En segundo lugar se sitúan las infecciones y patologías del oído medio y externo. En adolescentes, todavía se arrastran secuelas de otitis medias mal curadas en la infancia o disfunciones de la trompa de Eustaquio. Este especialista ha indicado que también ve casos de otosclerosis (una fijación del hueso estribo) que suele debutar en la etapa de adulto joven (20-30 años), especialmente en mujeres, y que tiene "un fuerte componente genético".

Por último, están los factores de estilo de vida y toxicidad, esto último por el uso de fármacos ototóxicos, así como "el impacto del tabaquismo o el consumo de alcohol, que afectan a la microcirculación del oído interno".

Además, el estrés crónico y la falta de sueño en jóvenes profesionales están correlacionados con la aparición de acúfenos o percepción de ruidos --zumbidos, pitidos o latidos-- en los oídos o cabeza sin fuente sonora externa, y con episodios de sordera súbita, una urgencia médica que cada ven cada vez más en pacientes de 30 años, sin olvidar que el cortisol alto y el estrés mantenido pueden provocar espasmos vasculares, como ha recordado el facultativo.

En la inmensa mayoría de los casos de adolescentes y adultos jóvenes, la hipoacusia no es reversible. Las células ciliadas, que son las que transforman el sonido en electricidad para el cerebro, no se dividen ni se regeneran.

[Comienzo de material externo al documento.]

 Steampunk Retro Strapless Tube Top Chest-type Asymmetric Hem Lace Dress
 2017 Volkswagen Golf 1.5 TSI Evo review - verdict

Solo es reversible si la causa es mecánica, como un tapón de cera, líquido por una otitis o una fijación de los huesos que se pueda operar, o si se trata de una sordera súbita cogida a tiempo con corticoides en las primeras horas.

Estas son algunas señales de alerta que son motivos de consulta inmediata al otorrinolaringólogo, el fenómeno "oigo, pero no entiendo". Esto es que el joven detecta el sonido pero no descodifica las palabras. Así se aprecia especialmente en ambientes con ruido de fondo, como una reunión con amigos, un restaurante o un aula.

Por otro lado, está la fatiga auditiva al final del día. "Si tras una jornada laboral o de estudio sientes un cansancio mental extremo, dolor de cabeza o irritabilidad, puede ser que tu cerebro esté haciendo un sobreesfuerzo agotador para compensar lo que el oído no capta", ha explicado el doctor Rodríguez.

Además, ha apuntado a que "si tus amigos o familiares te comentan que tienes el volumen demasiado alto, o si tú mismo notas que cada vez necesitas subir un punto más el volumen para sentirte cómodo, has cruzado el umbral de seguridad".

En referencia al tinnitus o acúfeno, si después de una exposición a música alta o al final del día se nota un pitido o zumbido en los oídos, es que "hay daño celular", según ha advertido, indicando que "aunque el pitido desaparezca al día siguiente, el daño en las células ciliadas es acumulativo".

Con un acúfeno persistente de más de 24 horas, ha recomendado acudir "lo más pronto posible" al otorrino. En adición, ha señalado que "si sientes durante más de dos semanas que tienes un tapón o que el sonido llega amortiguado, especialmente después de un resfriado o de un concierto, o si experimentas una pérdida de audición súbita en un solo oído, lo cual es una emergencia médica, es imperativo realizar una audiometría".